Run skillscore rules for the live table and skillscore explain <rule-id> for any rule's rationale and fix.

How do I gate CI on skill quality?

# .github/workflows/skills.yml
- name: Lint agent skills
  run: |
    dart pub global activate skillscore
    skillscore skills/ --min-score 80 --no-color

--format json feeds dashboards; --format sarif uploads to GitHub code scanning so findings annotate pull requests.

FAQ

What is an agent skill? A folder with a SKILL.md manifest (YAML frontmatter + Markdown instructions) that teaches an AI agent a repeatable task. Optional subfolders hold references, examples, scripts, and assets.

Does skillscore work with Claude Code / Codex / Antigravity / Gemini CLI / Cursor? Yes. The SKILL.md format is shared across all of them. Score against one vendor's rules with --target, or use the default universal profile, which a portable skill should pass everywhere.

Is it offline? Completely. skillscore makes no network calls at runtime, analyzes local files only, and is fully deterministic — the same input always produces the same score and finding order.

How do I score every skill in a monorepo? skillscore path/to/repo/ — it walks the tree, finds every folder with a SKILL.md (case-insensitive), and scores each one, deterministically ordered by path.

Does my skill have to be named a certain way? No. skillscore is name-agnostic: the frontmatter name, the folder name, and the file name are all independent, and unusual names (including non-ASCII folder names) are handled — though rule A2 will tell you if the name field itself violates the official format.

What happens with malformed frontmatter? No crash: the relevant A-category errors are reported and every other rule that can still run does, so you always get a score.

How does skillscore compare to alternatives?

Vendor skill validators (e.g. quick checks built into agent CLIs) verify only schema validity — name format, description present. skillscore additionally scores quality: discoverability, conciseness, structure, instruction design, hygiene, and safety, with cited sources per rule.
Generic Markdown linters (markdownlint, Vale) check prose style, not skill semantics; they don't know what a frontmatter description must contain for an agent to find the skill.
Asking an LLM to review your skill is non-deterministic and unsuitable for CI gates. skillscore is static, reproducible, and exits with codes designed for pipelines.
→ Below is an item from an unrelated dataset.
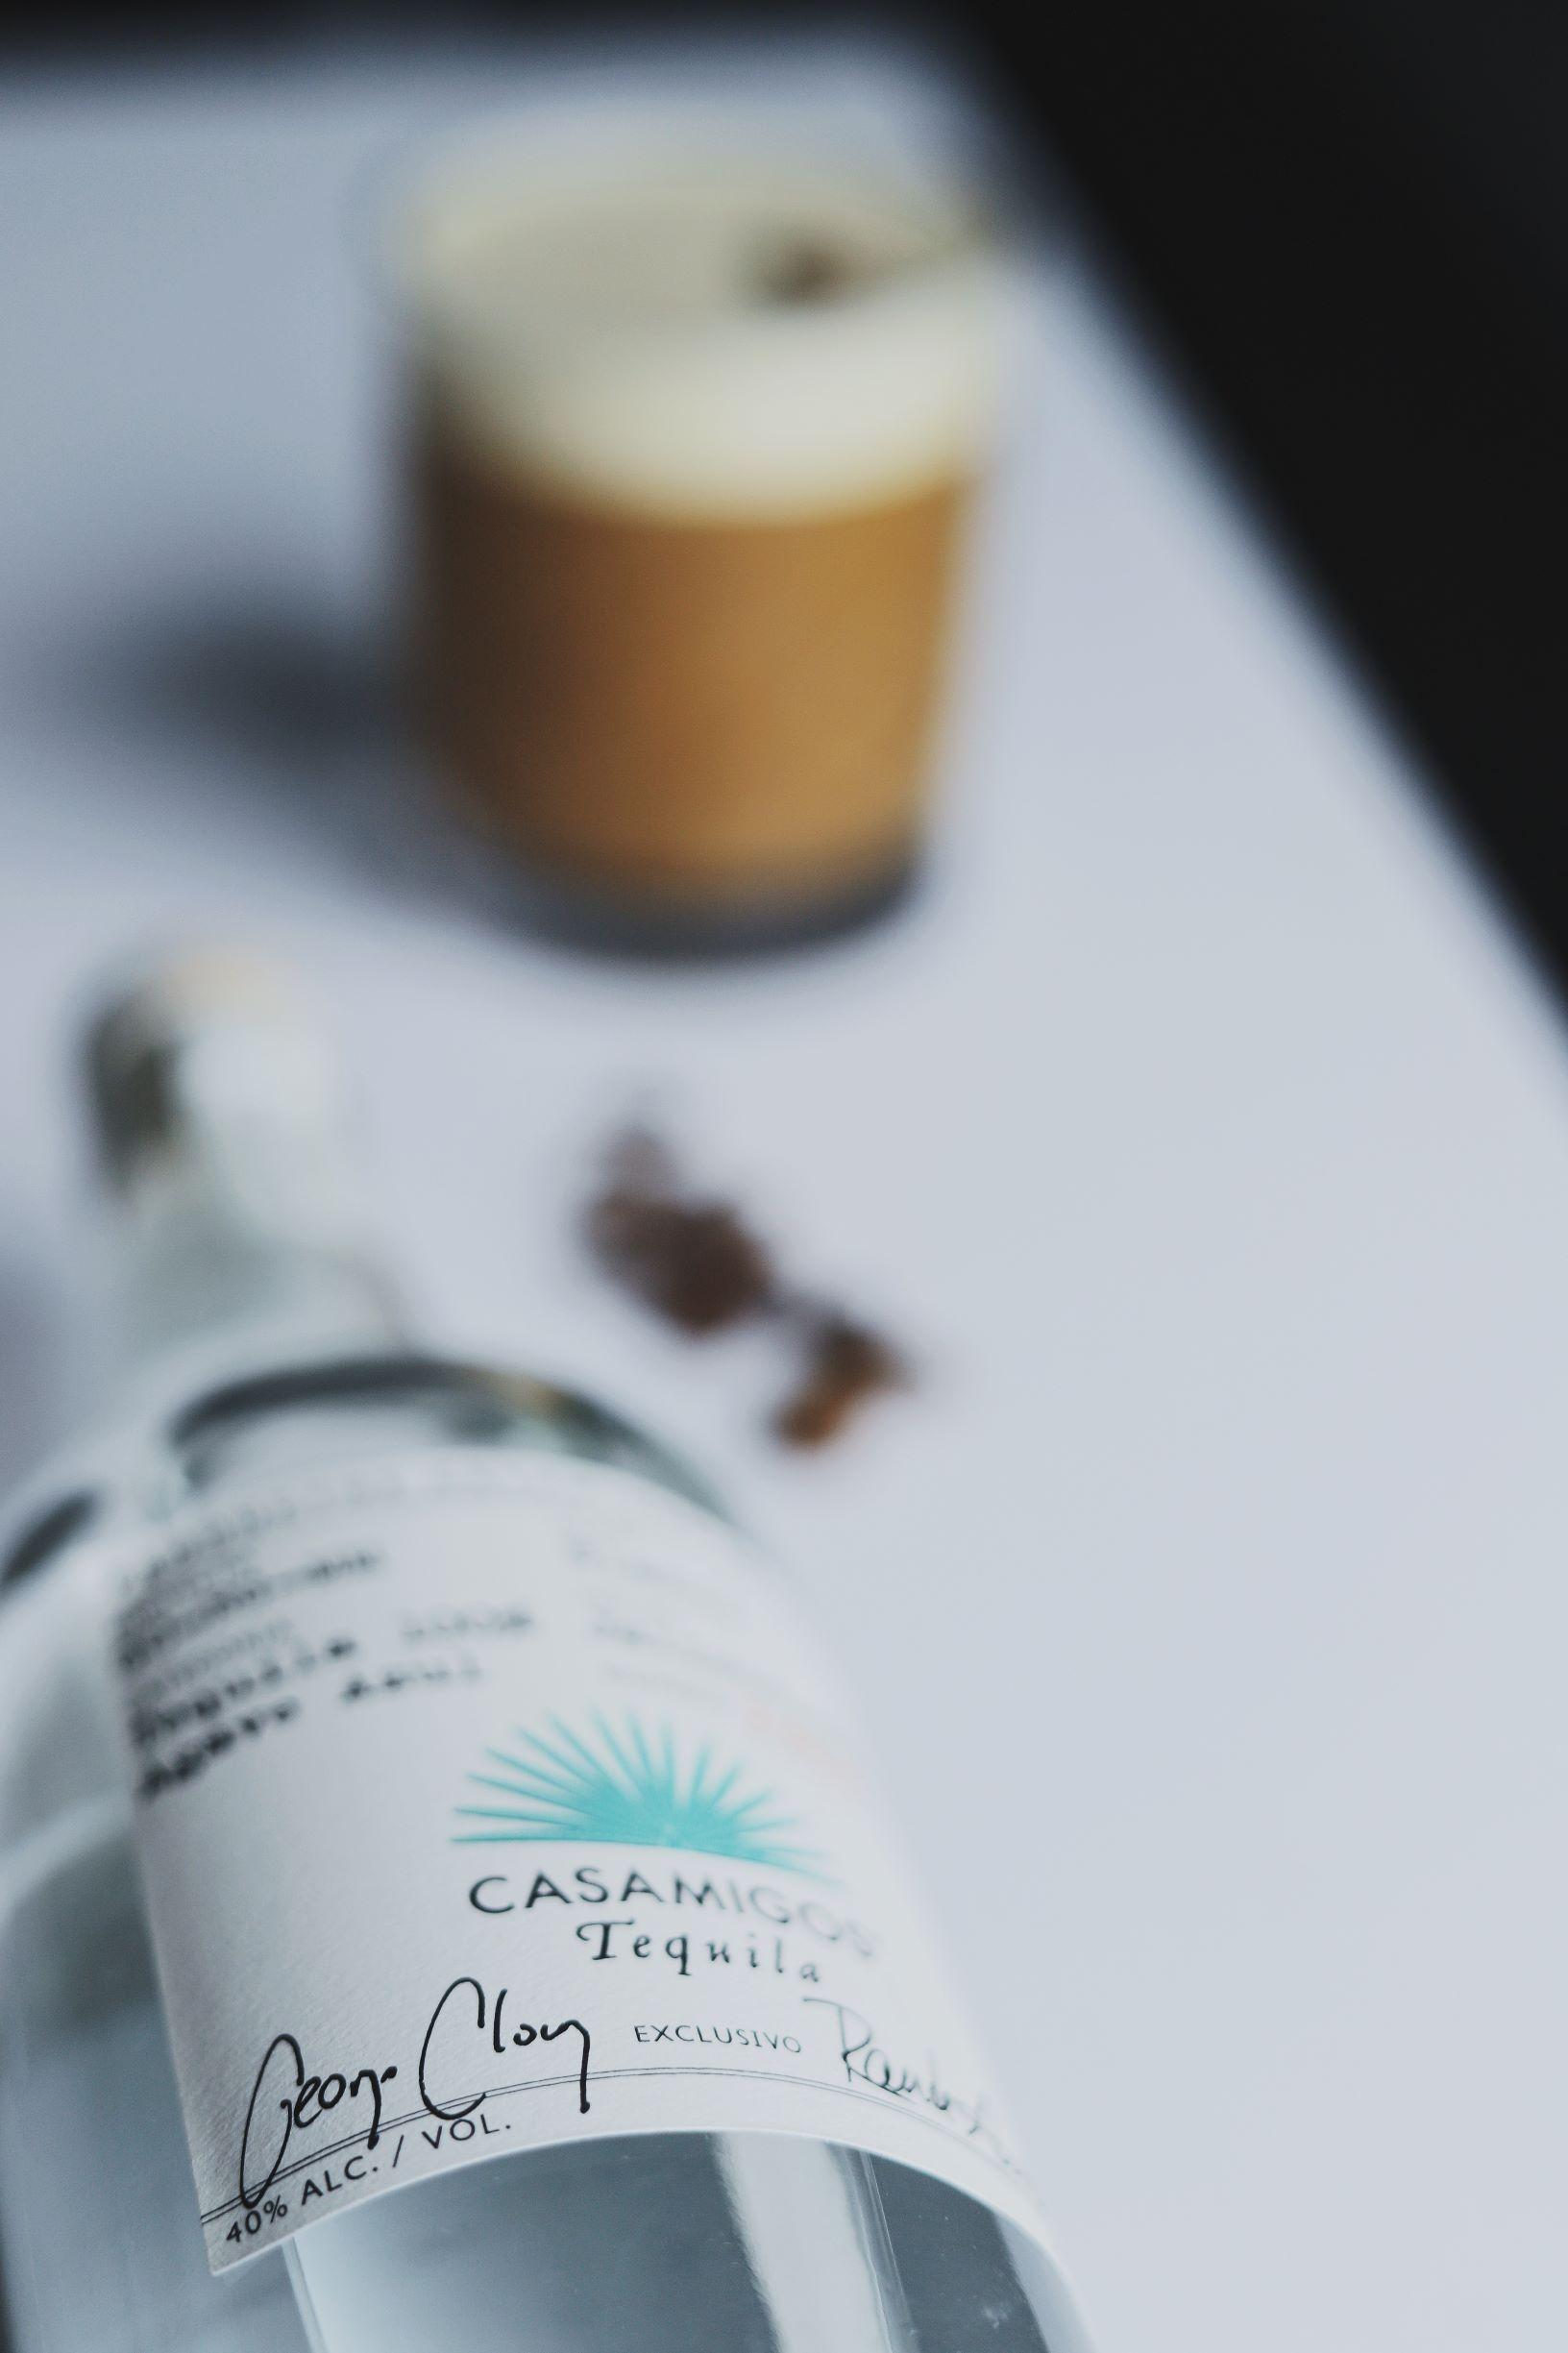 LeClair Organics Liberica Coffee, Casamigos Tequila Coffee Cocktail Recipe

The two combine well.

Library use

skillscore is also a Dart library:

import 'package:skillscore/skillscore.dart';

void main() {
  final doc = SkillParser().parseFile('my-skill/SKILL.md');
  final result = Scorer(RuleRegistry()).score(doc, Target.universal);
  print('${result.score}/100 ${result.grade}');
}

Contributing

New rules are one class + one registration — see CONTRIBUTING.md for the walkthrough and the project's design principles (every rule cites its source guide, deterministic output, offline only, name-agnostic). Use the "Propose a new rule" issue template to suggest one.

License

Apache-2.0. See CHANGELOG.md for release history.